🤖 AI Summary
This paper addresses causal direction identification between two variables from purely observational data. We propose a novel causal discovery method grounded in the algorithmic Markov condition, which—uniquely—models the variational Bayesian neural network (VBNN) learning process directly as an estimator of encoding length under causal factorization, thereby integrating the minimum description length principle with the strong representational capacity of neural networks. Unlike conventional Gaussian process-based approaches, our framework overcomes their computational complexity and expressiveness limitations by jointly optimizing variational inference, parameter compression, and causal structure. Extensive experiments on both synthetic and real-world benchmarks demonstrate that our method significantly outperforms state-of-the-art complexity-driven and structural causal model regression approaches, advancing bivariate causal discovery to a new performance frontier.
📝 Abstract
Telling apart the cause and effect between two random variables with purely observational data is a challenging problem that finds applications in various scientific disciplines.
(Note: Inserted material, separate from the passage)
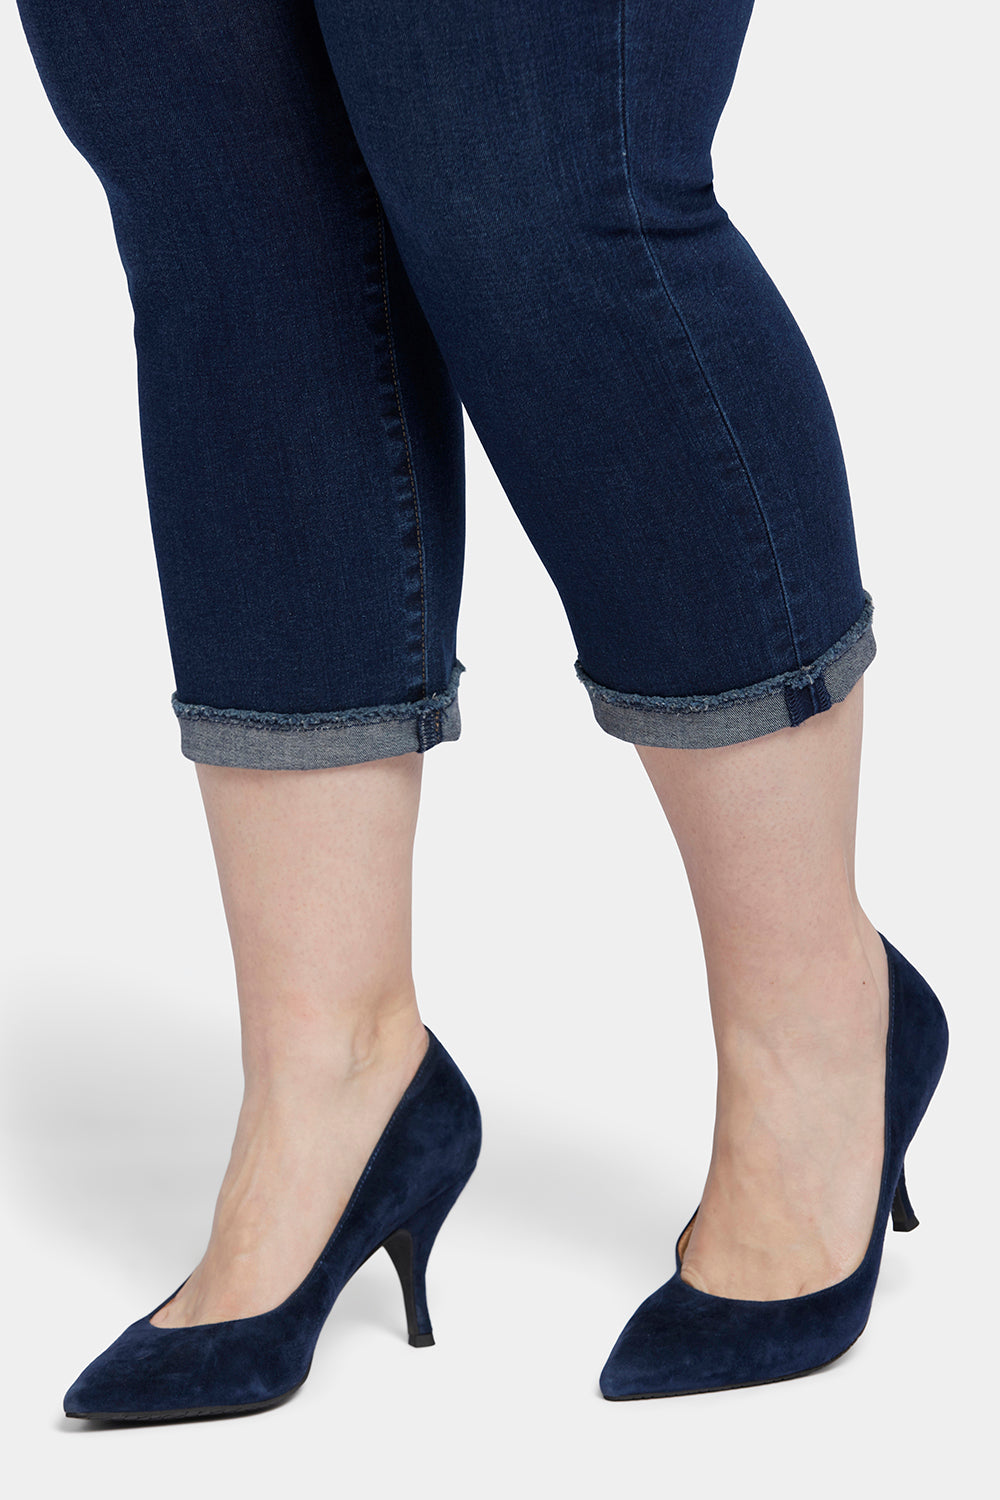 NYDJ Chloe Capri Jeans In Plus Size With Cuffs - Northbridge
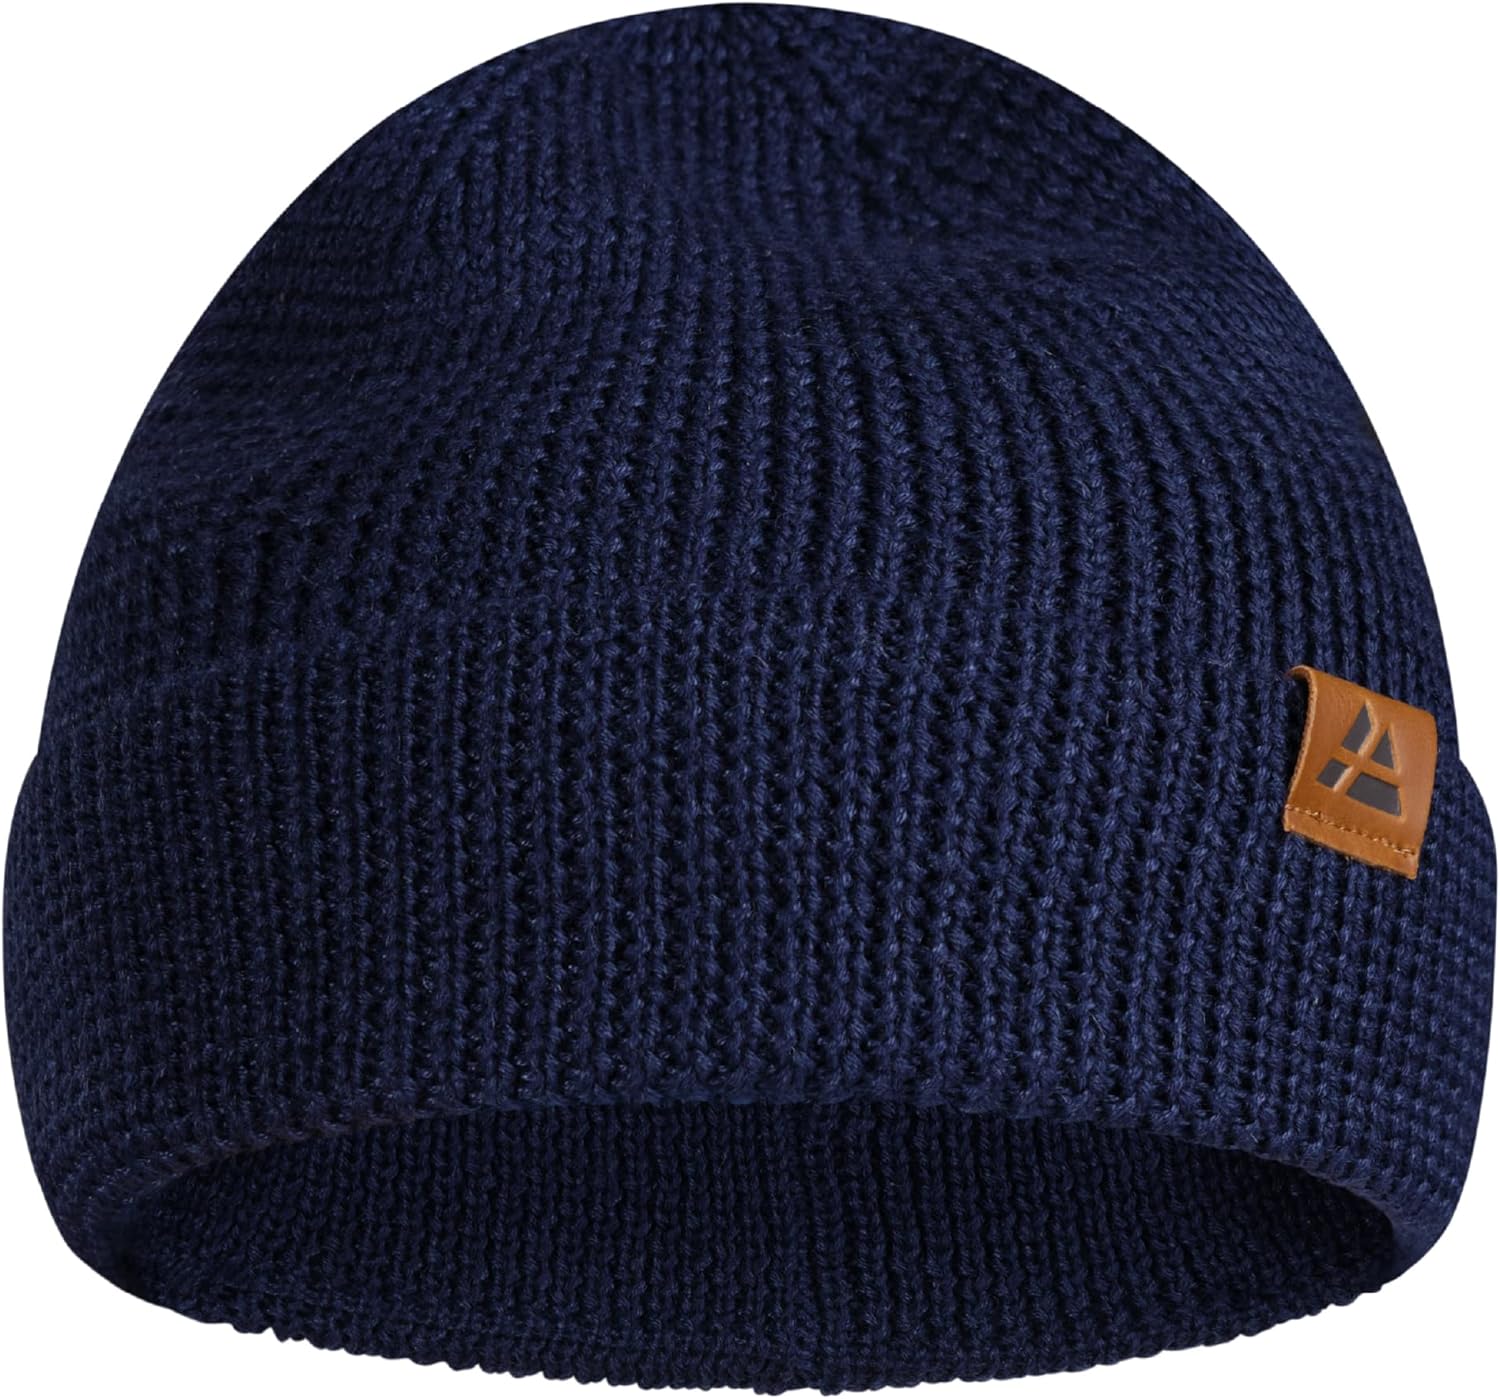 DANISH ENDURANCE Merino Wool Beanie for Men & Women, Knitted Winter Hat,  Black, One Size

A key principle utilized in this task is the algorithmic Markov condition, which postulates that the joint distribution, when factorized according to the causal direction, yields a more succinct codelength compared to the anti-causal direction. Previous approaches approximate these codelengths by relying on simple functions or Gaussian processes (GPs) with easily evaluable complexity, compromising between model fitness and computational complexity. To overcome these limitations, we propose leveraging the variational Bayesian learning of neural networks as an interpretation of the codelengths. Consequently, we can enhance the model fitness while promoting the succinctness of the codelengths, while avoiding the significant computational complexity of the GP-based approaches. Extensive experiments on both synthetic and real-world benchmarks in cause-effect identification demonstrate the effectiveness of our proposed method, surpassing the overall performance of related complexity-based and structural causal model regression-based approaches.